*** Opening Records supplied ***

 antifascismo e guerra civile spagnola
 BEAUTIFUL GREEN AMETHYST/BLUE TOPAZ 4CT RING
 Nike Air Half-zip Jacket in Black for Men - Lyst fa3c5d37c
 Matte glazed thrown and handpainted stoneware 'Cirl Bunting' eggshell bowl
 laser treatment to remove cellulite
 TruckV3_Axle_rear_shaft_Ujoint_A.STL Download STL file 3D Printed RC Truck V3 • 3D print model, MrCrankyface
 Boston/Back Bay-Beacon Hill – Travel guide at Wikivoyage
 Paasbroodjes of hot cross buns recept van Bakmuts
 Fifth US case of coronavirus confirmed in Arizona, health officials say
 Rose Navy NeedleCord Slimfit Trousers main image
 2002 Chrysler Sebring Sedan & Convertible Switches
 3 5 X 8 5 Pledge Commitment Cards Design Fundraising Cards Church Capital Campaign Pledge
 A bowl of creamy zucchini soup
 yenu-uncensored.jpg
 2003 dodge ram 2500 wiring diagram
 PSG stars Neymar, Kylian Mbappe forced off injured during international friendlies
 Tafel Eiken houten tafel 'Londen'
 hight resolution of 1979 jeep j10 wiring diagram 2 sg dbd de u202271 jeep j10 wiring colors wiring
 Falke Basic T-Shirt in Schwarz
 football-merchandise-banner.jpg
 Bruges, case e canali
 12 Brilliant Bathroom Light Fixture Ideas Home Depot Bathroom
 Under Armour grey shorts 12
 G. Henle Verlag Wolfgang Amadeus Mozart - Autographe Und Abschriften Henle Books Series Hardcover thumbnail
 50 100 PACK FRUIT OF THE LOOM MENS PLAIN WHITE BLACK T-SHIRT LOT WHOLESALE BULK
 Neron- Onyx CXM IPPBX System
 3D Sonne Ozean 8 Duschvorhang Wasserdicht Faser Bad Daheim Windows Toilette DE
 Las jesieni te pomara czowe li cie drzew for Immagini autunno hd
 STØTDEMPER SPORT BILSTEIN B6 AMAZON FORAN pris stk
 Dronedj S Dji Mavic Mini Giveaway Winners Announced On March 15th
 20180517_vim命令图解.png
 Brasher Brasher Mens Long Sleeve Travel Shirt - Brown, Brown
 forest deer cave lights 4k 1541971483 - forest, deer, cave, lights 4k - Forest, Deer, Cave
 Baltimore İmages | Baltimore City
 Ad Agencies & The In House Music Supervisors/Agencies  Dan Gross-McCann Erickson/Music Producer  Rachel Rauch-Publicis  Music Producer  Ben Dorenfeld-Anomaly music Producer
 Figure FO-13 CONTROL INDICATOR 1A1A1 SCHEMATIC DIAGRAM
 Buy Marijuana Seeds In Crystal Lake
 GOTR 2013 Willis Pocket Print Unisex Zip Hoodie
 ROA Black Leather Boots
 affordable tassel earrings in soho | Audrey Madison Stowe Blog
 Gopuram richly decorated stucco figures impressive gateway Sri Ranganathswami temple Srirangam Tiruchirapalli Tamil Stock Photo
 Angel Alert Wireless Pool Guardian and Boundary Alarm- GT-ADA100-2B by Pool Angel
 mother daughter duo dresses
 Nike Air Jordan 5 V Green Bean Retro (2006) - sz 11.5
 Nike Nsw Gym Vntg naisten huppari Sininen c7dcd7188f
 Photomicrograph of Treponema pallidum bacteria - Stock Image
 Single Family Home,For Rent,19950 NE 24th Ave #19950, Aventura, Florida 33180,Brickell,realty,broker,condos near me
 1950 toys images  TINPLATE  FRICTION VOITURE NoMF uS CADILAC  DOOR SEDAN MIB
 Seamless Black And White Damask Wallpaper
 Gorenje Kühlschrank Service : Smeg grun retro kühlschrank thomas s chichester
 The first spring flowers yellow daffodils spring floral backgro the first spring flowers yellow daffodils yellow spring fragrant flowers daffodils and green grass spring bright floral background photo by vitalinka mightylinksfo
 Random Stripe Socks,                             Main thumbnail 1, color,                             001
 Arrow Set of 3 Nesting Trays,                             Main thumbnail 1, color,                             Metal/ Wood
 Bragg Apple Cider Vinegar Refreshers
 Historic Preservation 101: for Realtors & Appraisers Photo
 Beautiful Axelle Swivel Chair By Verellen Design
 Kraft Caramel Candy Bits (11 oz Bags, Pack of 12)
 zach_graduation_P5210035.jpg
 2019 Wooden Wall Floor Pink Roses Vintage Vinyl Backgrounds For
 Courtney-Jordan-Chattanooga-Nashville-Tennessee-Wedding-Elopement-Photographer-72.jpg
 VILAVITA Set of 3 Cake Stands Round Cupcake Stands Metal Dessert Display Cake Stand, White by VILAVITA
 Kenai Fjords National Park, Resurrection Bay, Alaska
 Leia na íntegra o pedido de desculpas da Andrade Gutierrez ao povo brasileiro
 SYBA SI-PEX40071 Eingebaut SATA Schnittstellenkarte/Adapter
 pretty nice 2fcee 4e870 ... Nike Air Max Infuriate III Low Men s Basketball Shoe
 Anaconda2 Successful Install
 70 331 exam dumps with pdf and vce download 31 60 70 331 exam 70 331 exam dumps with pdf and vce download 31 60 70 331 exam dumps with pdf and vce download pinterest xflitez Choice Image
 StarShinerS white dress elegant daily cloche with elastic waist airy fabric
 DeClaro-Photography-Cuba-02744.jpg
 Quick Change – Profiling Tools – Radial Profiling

*** Closing Records supplied ***

Exercise description:
Every line above with the string "Design" in it should be copied into the answer.

Answer:
 3 5 X 8 5 Pledge Commitment Cards Design Fundraising Cards Church Capital Campaign Pledge
 Beautiful Axelle Swivel Chair By Verellen Design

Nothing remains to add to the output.